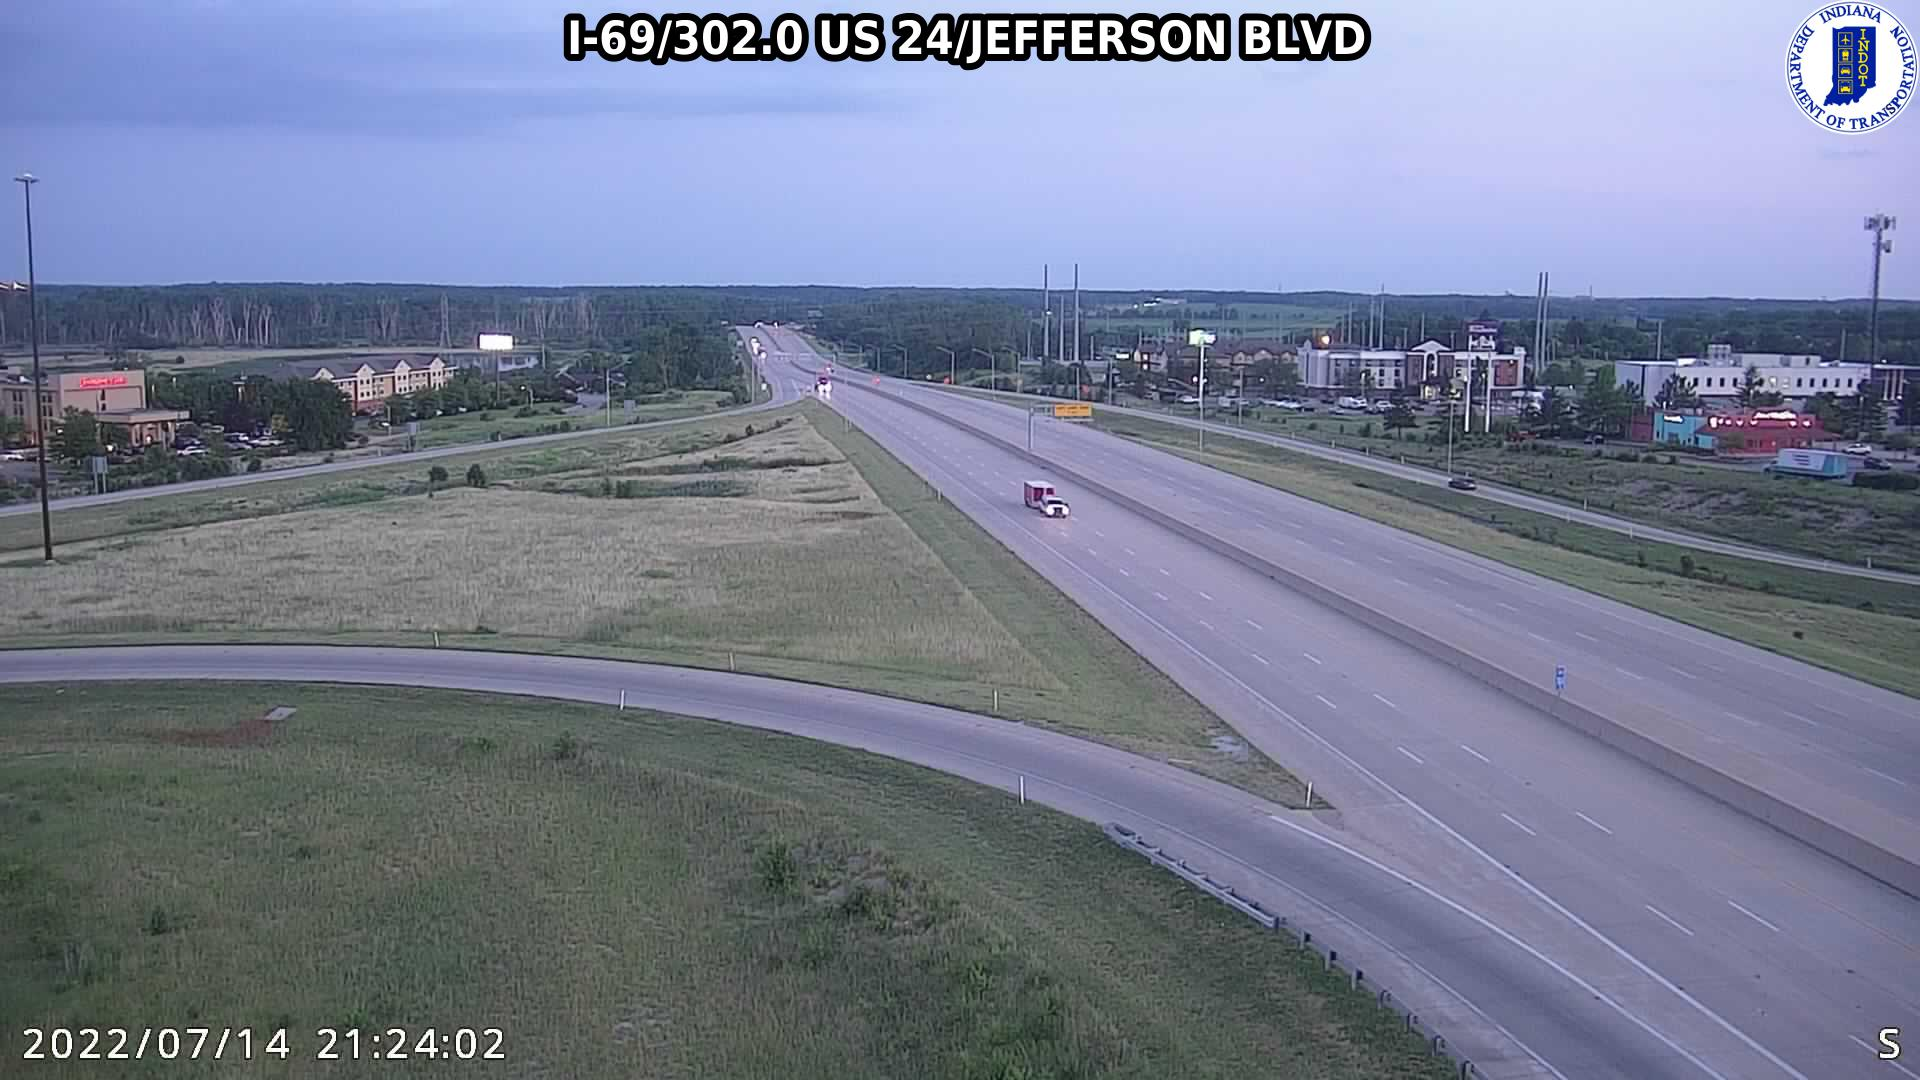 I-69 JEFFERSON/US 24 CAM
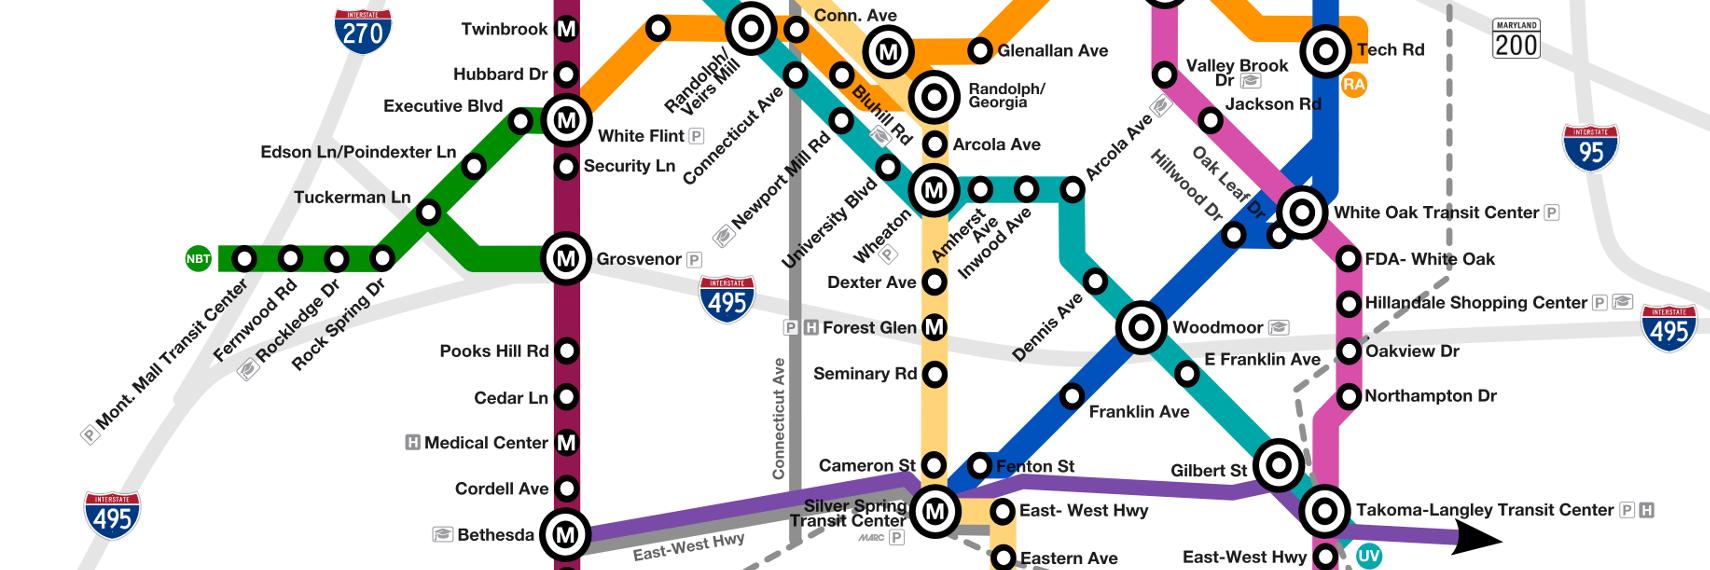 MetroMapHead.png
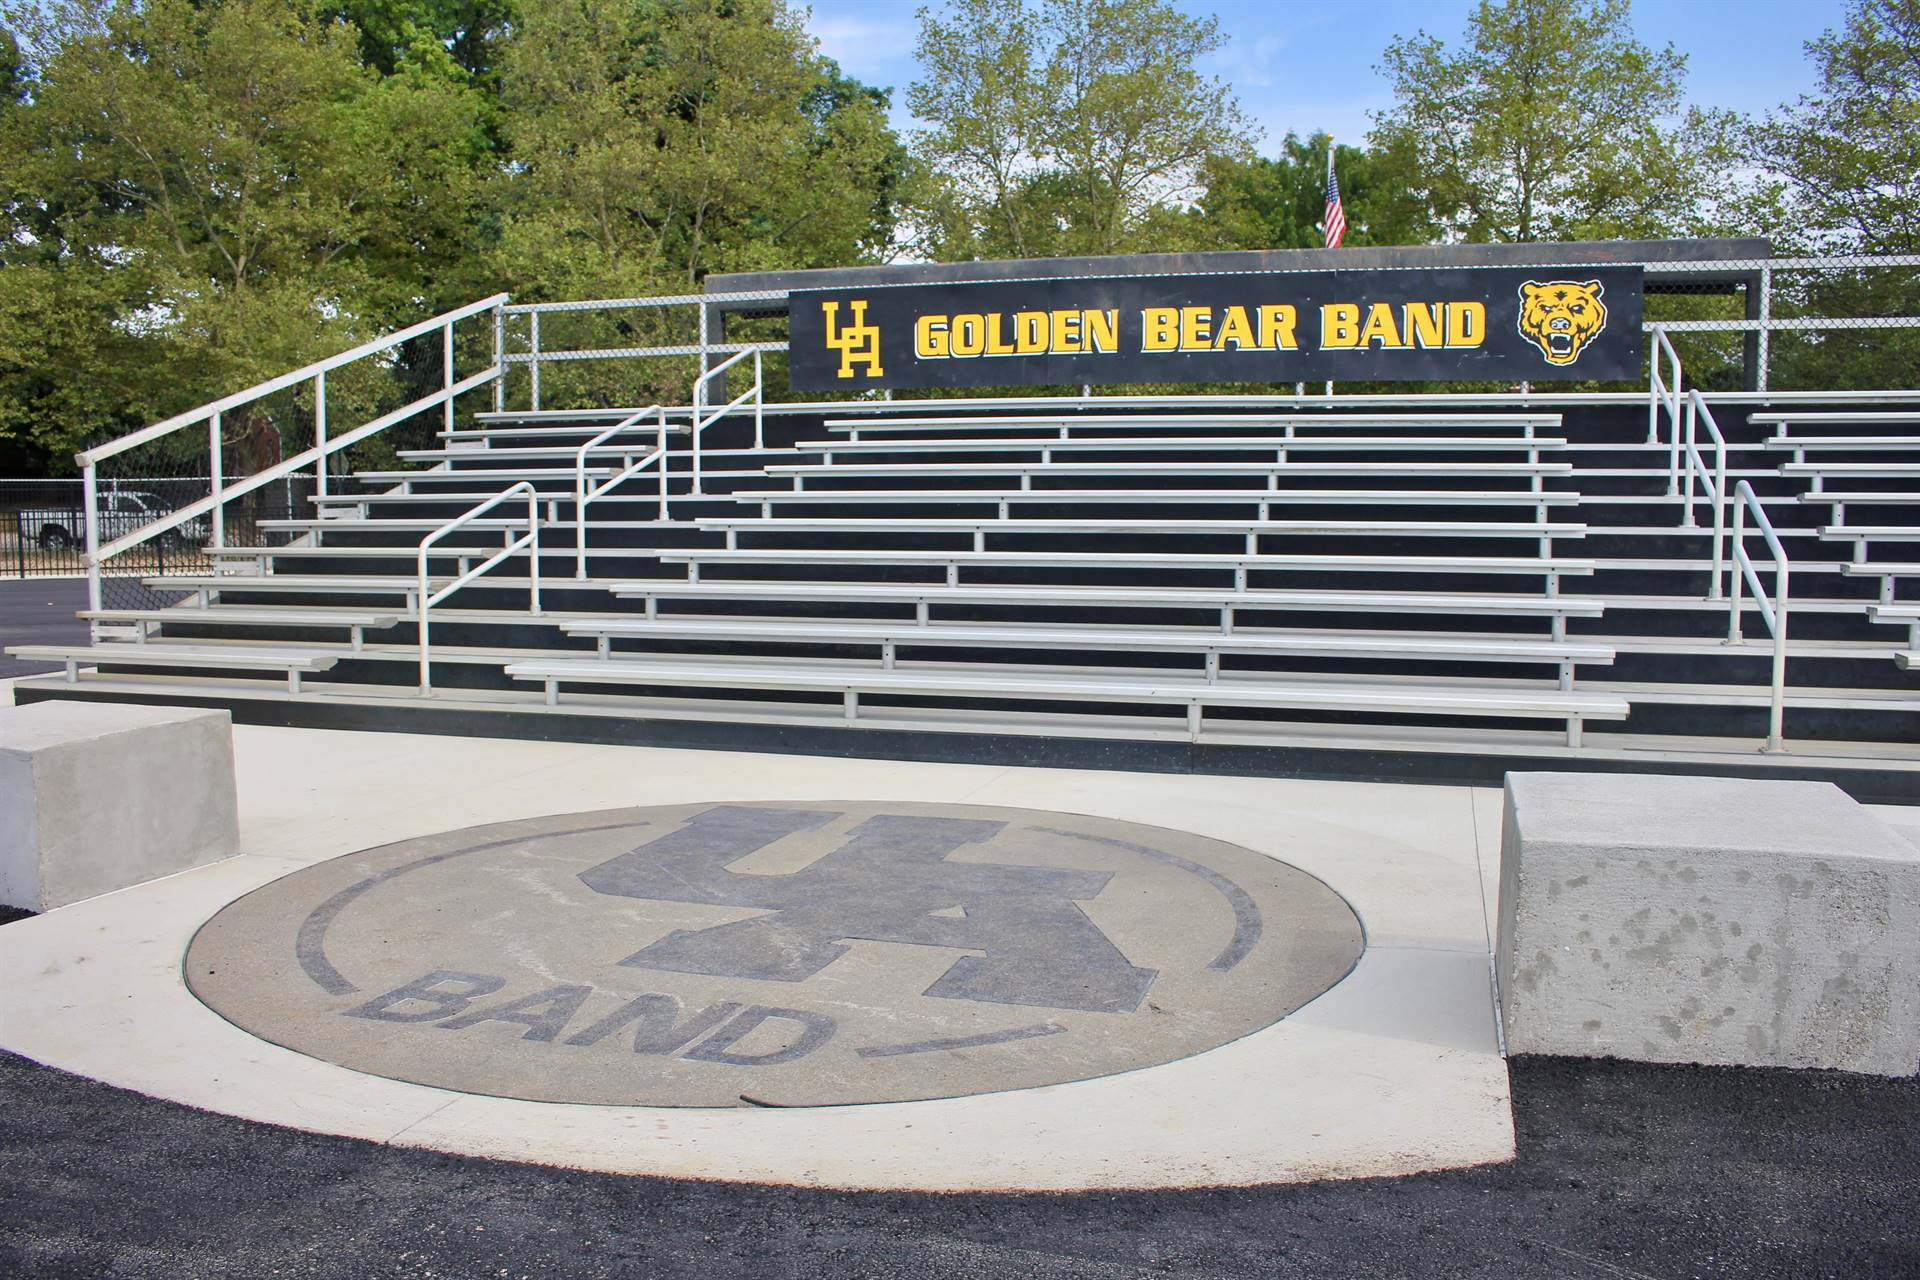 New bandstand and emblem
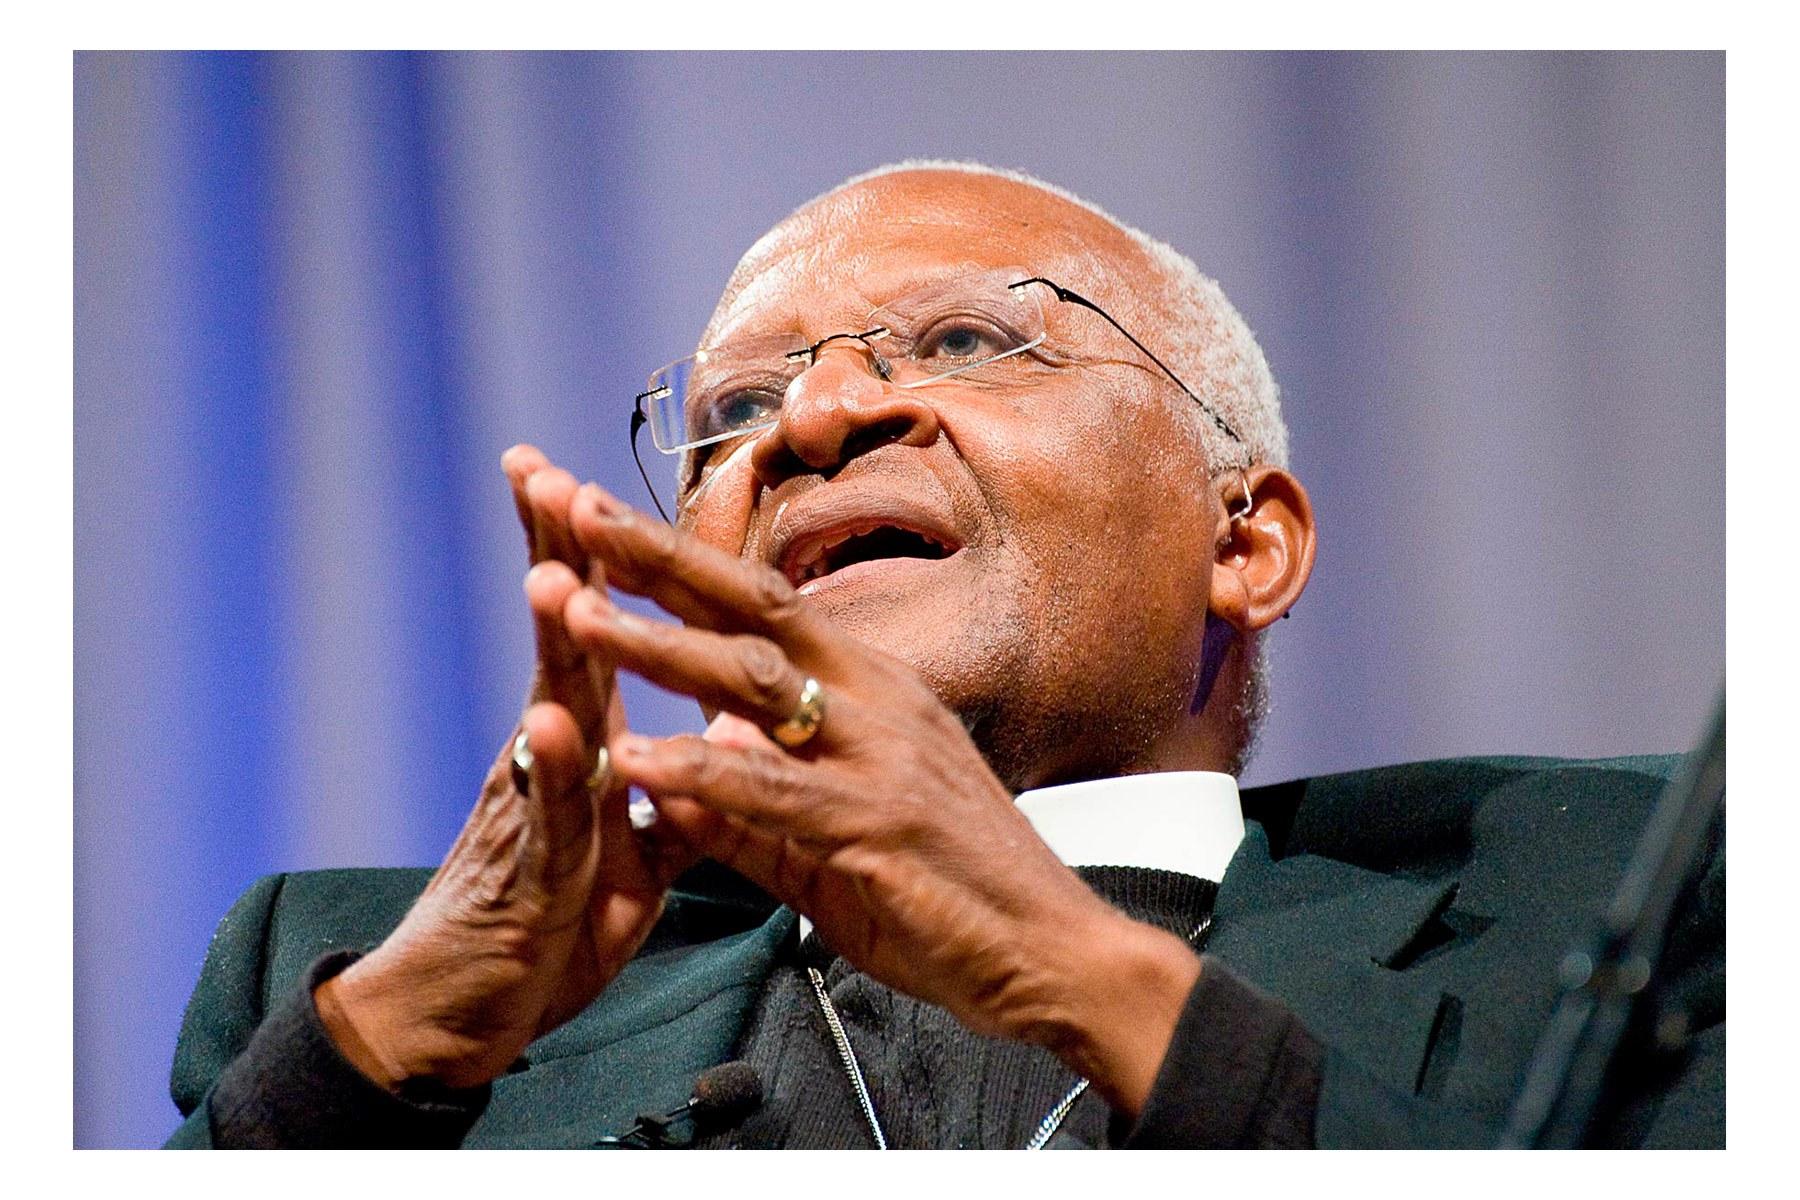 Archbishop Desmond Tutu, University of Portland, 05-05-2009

----

WORK REQUEST: The answer is the whole listing retyped exactly, with pictures omitted.

RESULT FOR THIS EXERCISE:
 I-69 JEFFERSON/US 24 CAM
 MetroMapHead.png
 New bandstand and emblem
 Archbishop Desmond Tutu, University of Portland, 05-05-2009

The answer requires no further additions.